Opened 5 years ago

Closed 5 years ago

#1461 closed help (answered)

Changing from Nudged mode back to free-running

Reported by: StevenTurnock Owned by: um_support
Component: UKCA Keywords:
Cc: Platform: MONSooN
UM Version: 7.3

Description

Hi,

I have been running a Vn7.3 UKCA job (xkngd) in nudged mode with double call radiation on Monsoon and it has been working fine for me. I have recently set up a new job (xknge) to attempt to run in single call radiation mode and with nudging turned off, following the reverse of the instructions on the UKCA website but I have received the following message in the .leave file.

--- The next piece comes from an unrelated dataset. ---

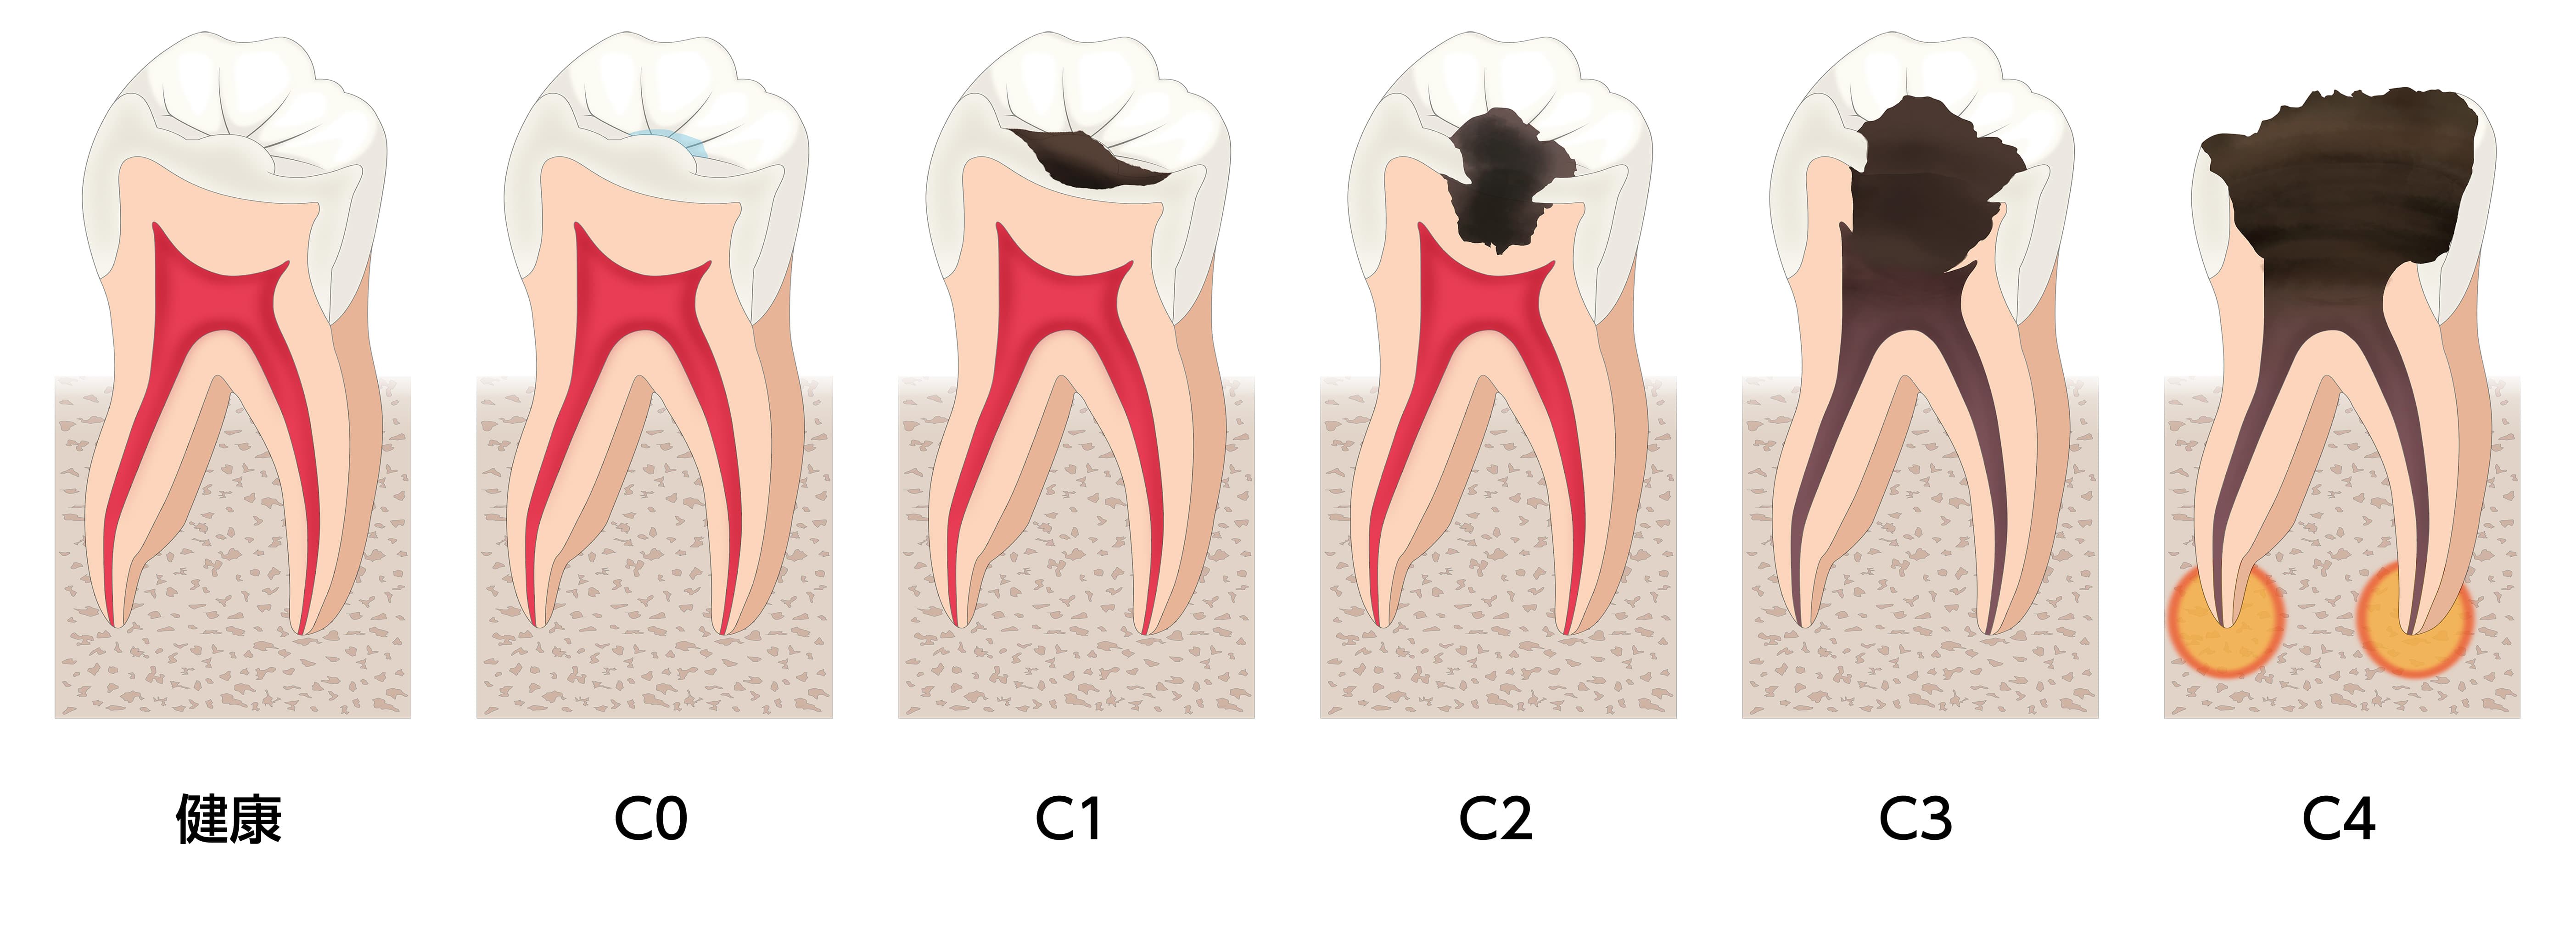 虫歯の進行度

ERROR!!! in reconfiguration in routine Rcf_Exppx
Error Code:- 2
Error Message:- Cant find required STASH item 1 section 39 model 1 in STASHmaster
Error generated from processor 0

Graham Mann here at Leeds suggested that is still something to do with nudging files. Can anyone suggest what might be the problem here and if there is something I have either not turned on or off when changing from nudged to free-running mode.

Thanks
Steven

Change History (12)

comment:1 Changed 5 years ago by luke

Hi Steven,

I think you would need to remove the nudging prognostics from the dump. This can be done using the reconfiguration step.

In your original job you need to locate the user pre-STASHmaster file associated with the nudging, which will define the section 39 prognostics. You should take a copy of this, and then change the SPACE code to 10. The SPACE code is the first entry on the second line of each STASH item.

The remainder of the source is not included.